System reboot hangs due to race against devices_kset->list triggered by SCSI FC workqueue

"Hugh Daschbach" <hdasch@xxxxxxxxxxxx> · Tue, 2 Mar 2010 16:47:01 -0800

The system may fail to boot when the kernel's devices_kset->list gets
written by another thread while device_shutdown() is traversing the
list.  Though not common, this is fairly reproducible for some SCSI
Fibre Channel topologies; particularly so with FCoE configurations.

The reboot thread calls device_shutdown() as part of system shutdown.
device_shutdown() loops through devices_kset->list, shutting down each
system device.  But devices_kset->list isn't protected from other
writers while device_shutdown() traverses the list.

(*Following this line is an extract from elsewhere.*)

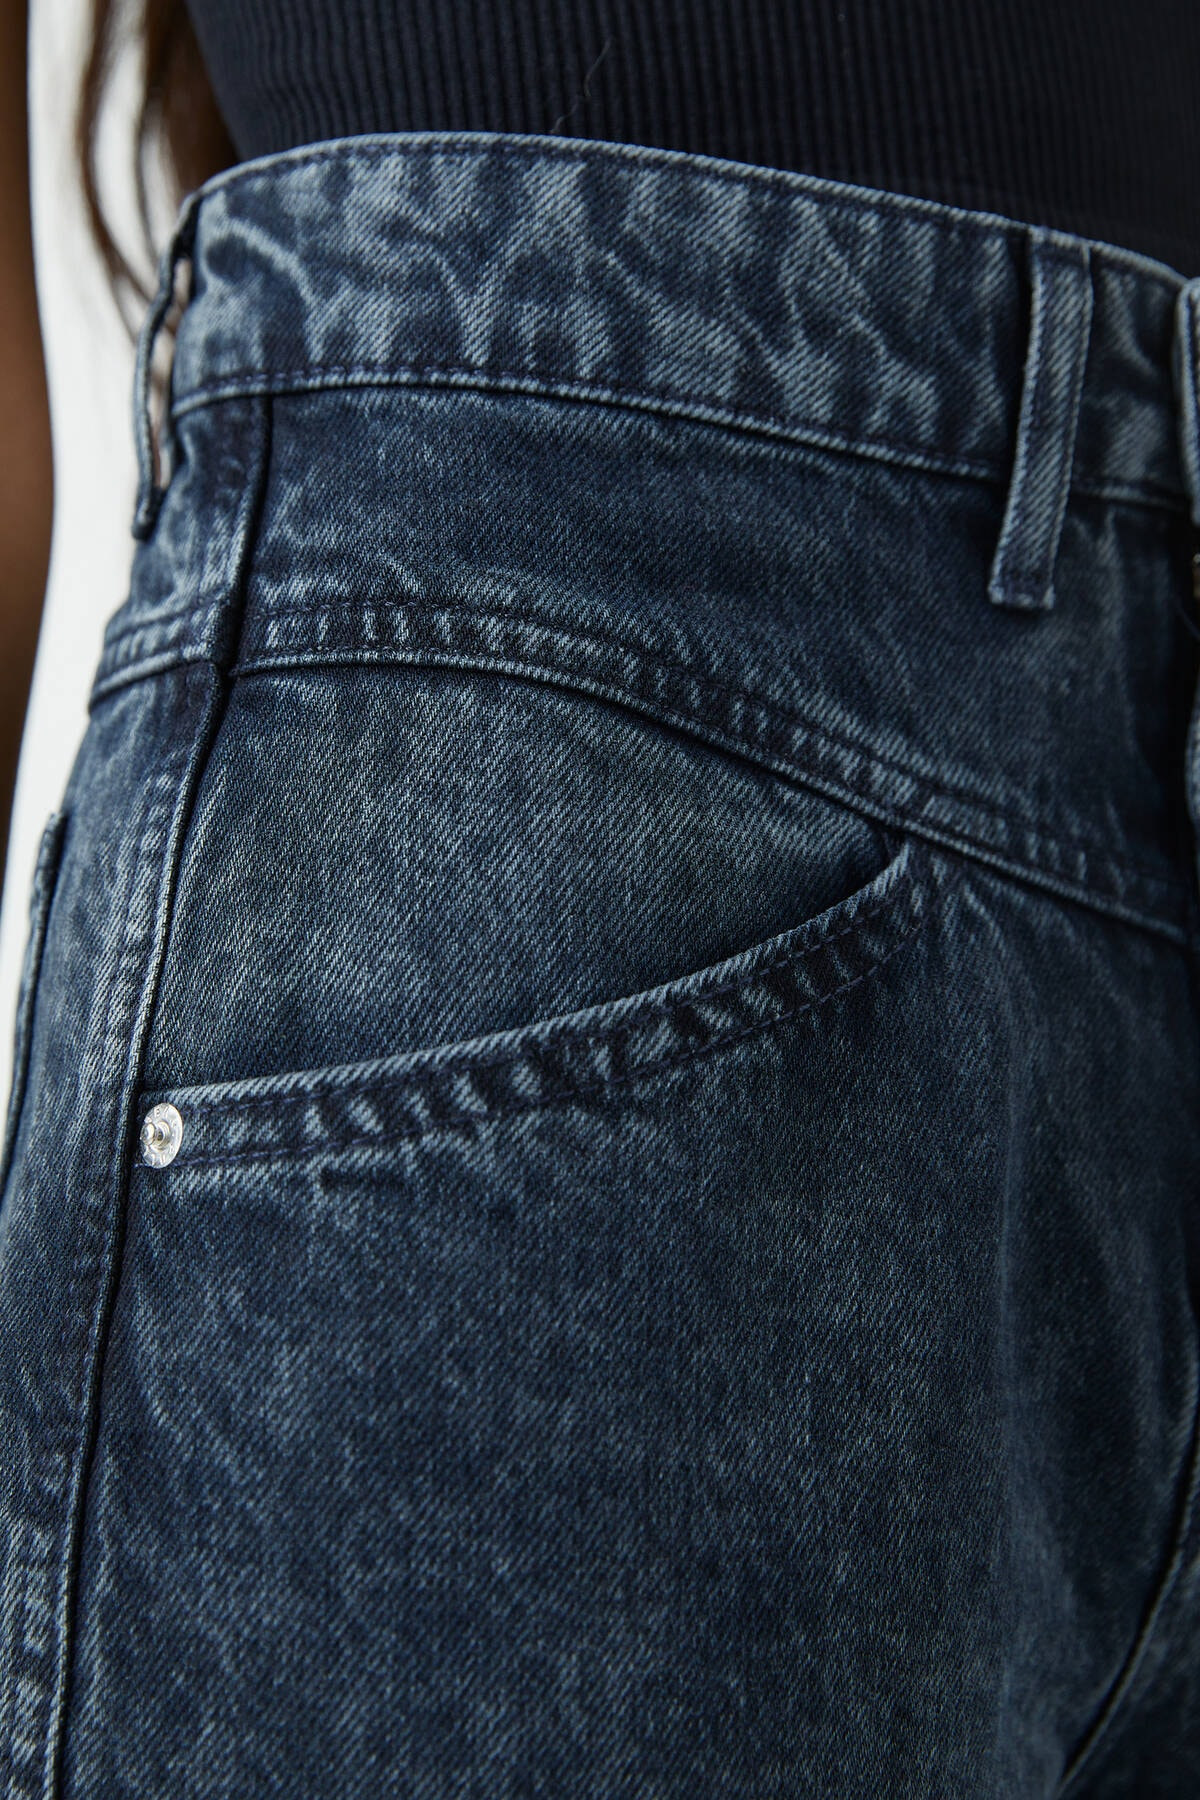 Pull & Bear Kadın Siyah Yüksek Bel Straight Fit Jean 09683335 1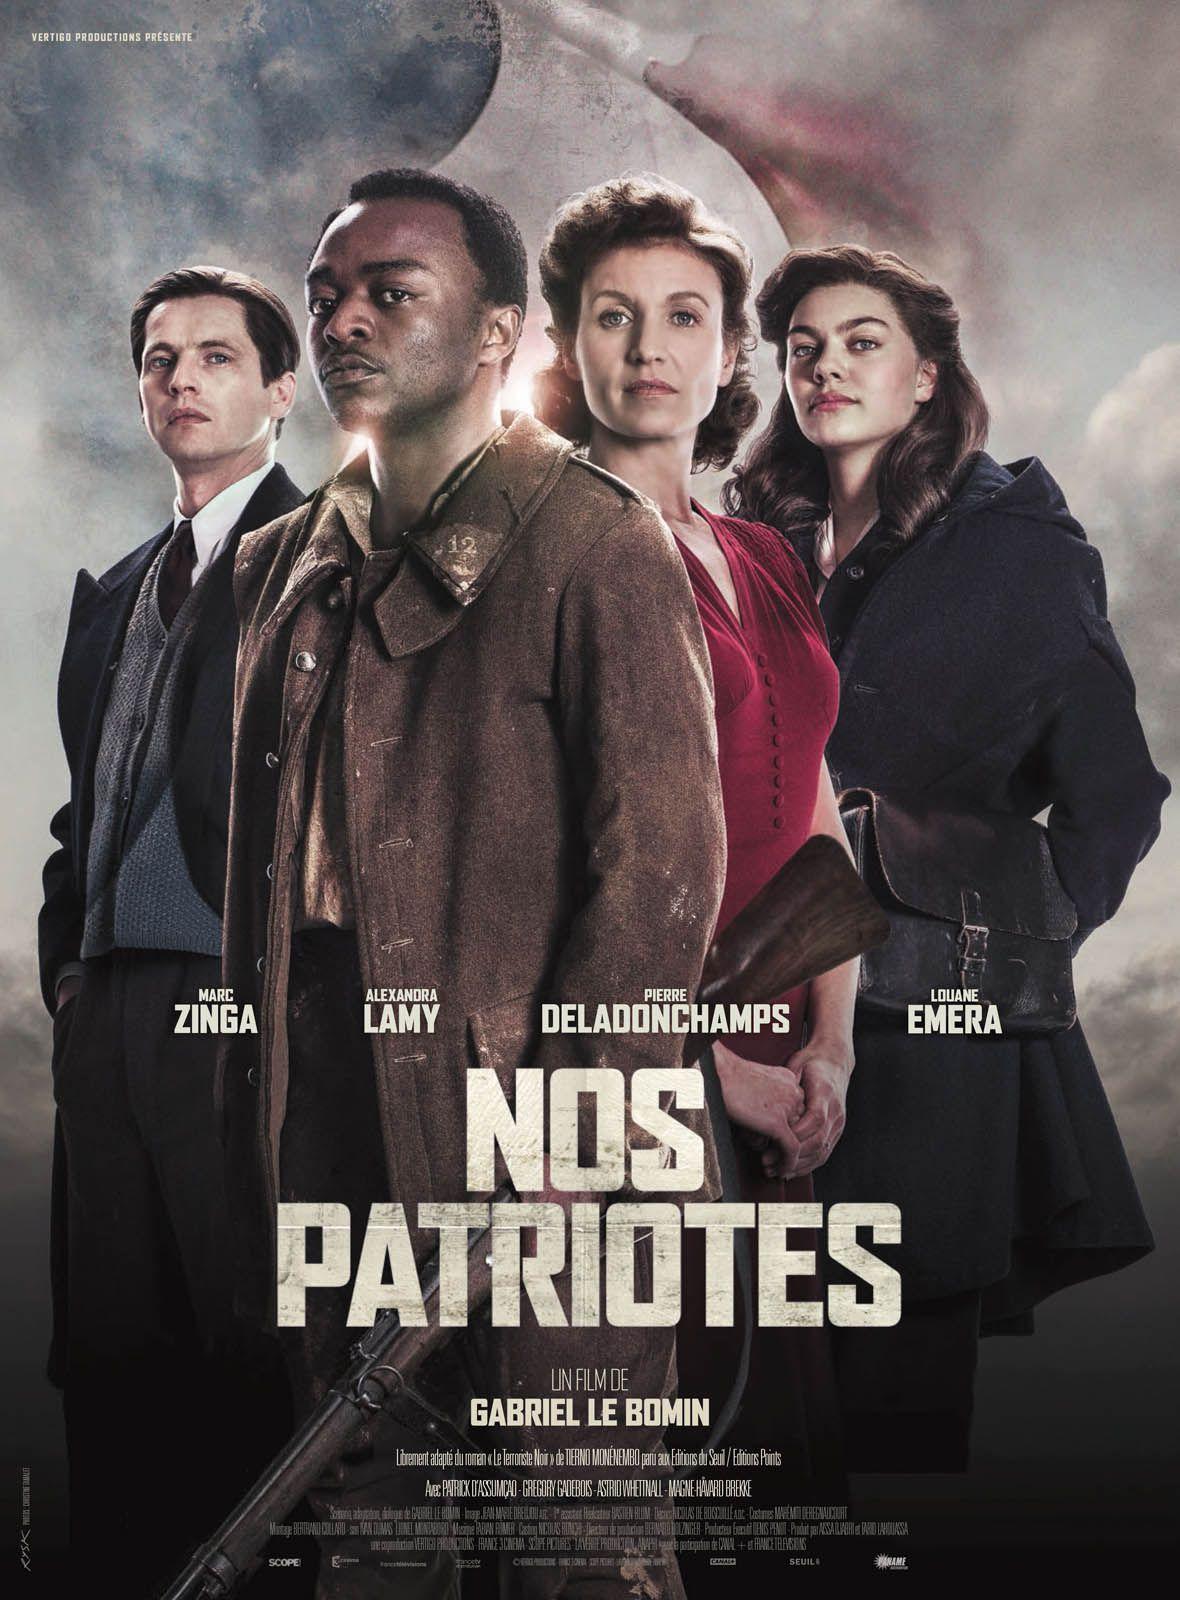 Nos patriotes - Film (2017)

One such secondary writer is the SCI Fibre Channel workqueue.  When
fc_wq_N removes a device that device_shutdown() holds in it's "devn"
(list traversal iterator) variable, device_shutdown() stalls, chasing
what is essentially a broken link.

This is not a common occurrence.  But FC SCSI devices associated with a
link that has gone down cause a race between device_shutdown() running
in reboot's process and scsi_remove_target() running in a SCSI FC
workqueue (fc_wq_N).

Network attached FC devices are particularly vulnerable because SysV
init scripts shut network interfaces down before proceeding with the
reboot request.  So by the time reboot is called, the link to the FC
devices is already down.

When the link is down device_shutdown() stalls (in sd_shutdown() --
which issues cache flush CDBs to what are, by that time, inaccessible
devices).  The stall ends when the fc rport timer expires.  But the
timer expiration also initiates fc_starget_delete() in the fc workqueue,
causing the race with device_shutdown().

The attached patch detects and attempts to recover from the
corruption.  But this can hardly be considered a fix, as it does not
address the race between device_shutdown() and scsi_remove_target().

Perhaps converting the list_for_each_entry_safe_reverse() to something
like.

        while (!list_empty(&devices_kset->list)) {
                dev = list_last_entry(...);
                ...
        }

might be appropriate.  But I have no idea if any devices don't fully
remove themselves from the list when shutdown.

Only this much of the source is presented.